Add the chicken, sliced mushroom caps, and jalapeno to the broth; adjust heat to keep the broth at a gentle simmer and cook 12 to 14 minutes or until the chicken is just cooked through. Transfer the chicken to a cutting board and slice into 1-inch pieces.

Remove the broth from the heat; Stir in the edamame, jicama, and sliced chicken. Season to taste with salt. Scoop 1/2 cup of the cooked rice in each bowl and ladle some of the soup over it. Slice the reserved scallion on an angle and sprinkle over each bowl along with the basil leaves. Serve with lime wedges, if desired.

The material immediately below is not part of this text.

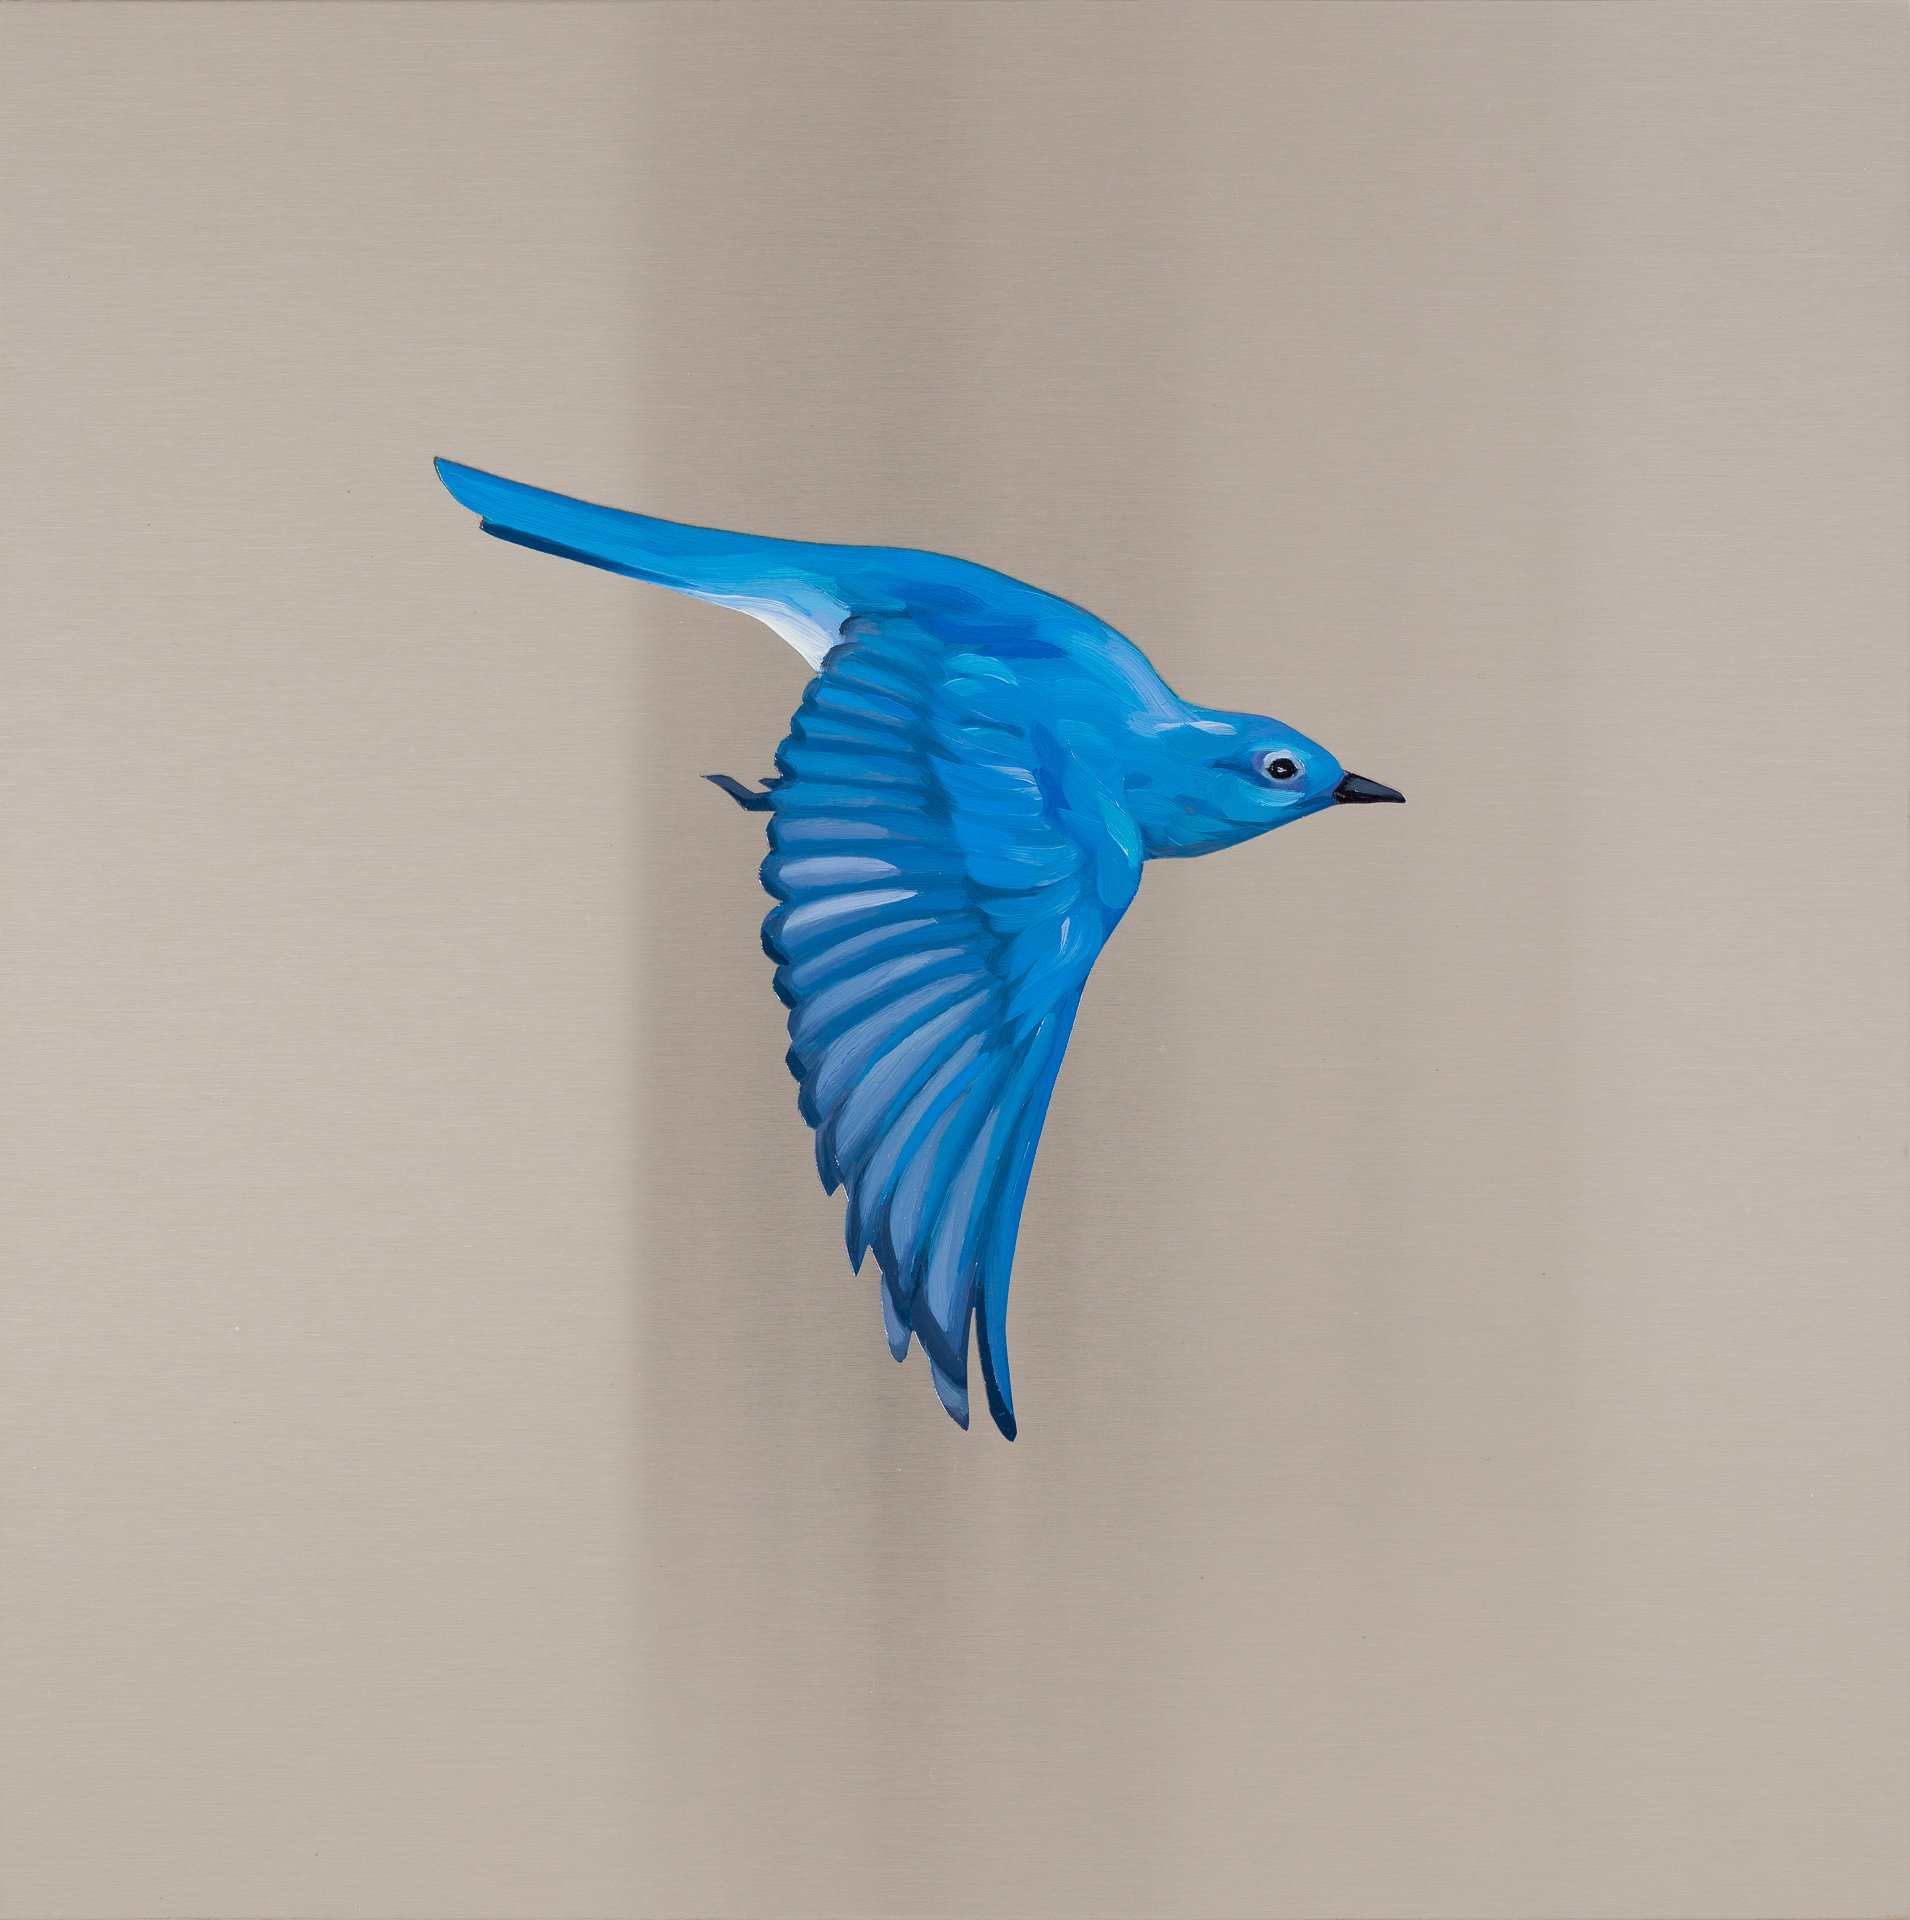  Mountain Bluebird. Oil on stainless steel, 12in x 12in 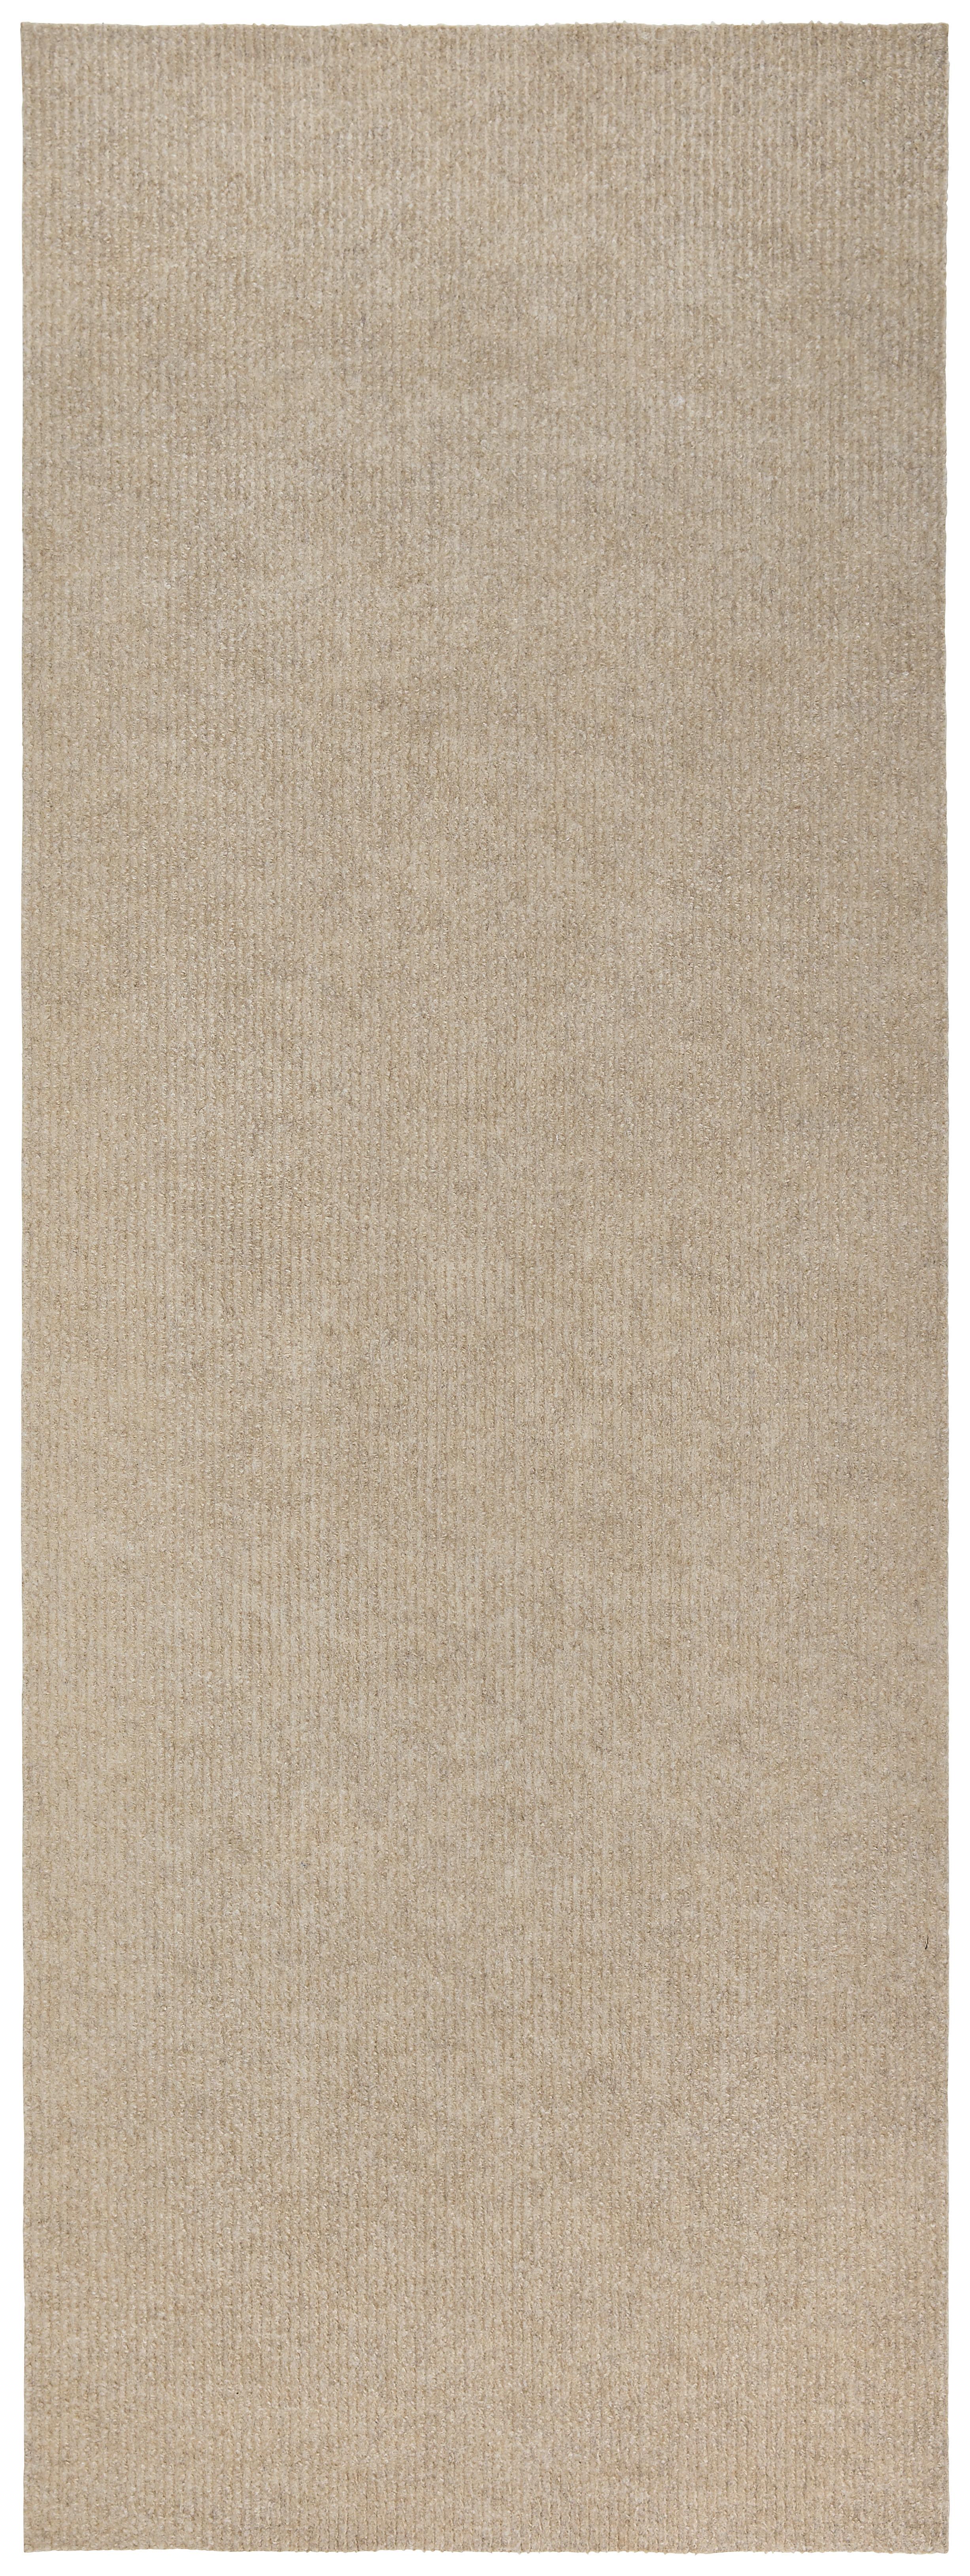 Tekač Niki - bež, Konvencionalno, tekstil (66/180cm) - Modern Living

Nutritional analysis per serving (without lime wedges)

Calories 360 ; Total Fat 6g (Sat Fat 1.1g, Mono Fat 1.6g, Poly Fat 1.1g) ; Protein 36g; Carb 39g; Fiber 6g; Cholesterol 49mg; Sodium 645mg

Replies

  • Janworkingitout
    Janworkingitout Posts: 434 Member
    This sounds tasty, can't wait to try it...thanks!
  • sounds yummy...how many servings does it make?
  • fanceegirl75
    fanceegirl75 Posts: 620 Member
    This sounds delish! I've bookmarked it and will definitely try it! Thanks for sharing!! :drinker:
  • twistygirl
    twistygirl Posts: 517 Member
    I am writing this recipe down and getting my ingredients together this sounds like a wonderful Sunday meal, Thank-you
  • DHalaby73
    DHalaby73 Posts: 980 Member
    sounds yummy...how many servings does it make?


    Here's what I came up with...calories are on here if you want to look it up..

    4 servings, 1 1/2 cups each
  • swheeler86
    swheeler86 Posts: 31 Member
    bump!
  • bevpulse
    bevpulse Posts: 54 Member
    This sounds delicious. I have copied it and hope to try it soon!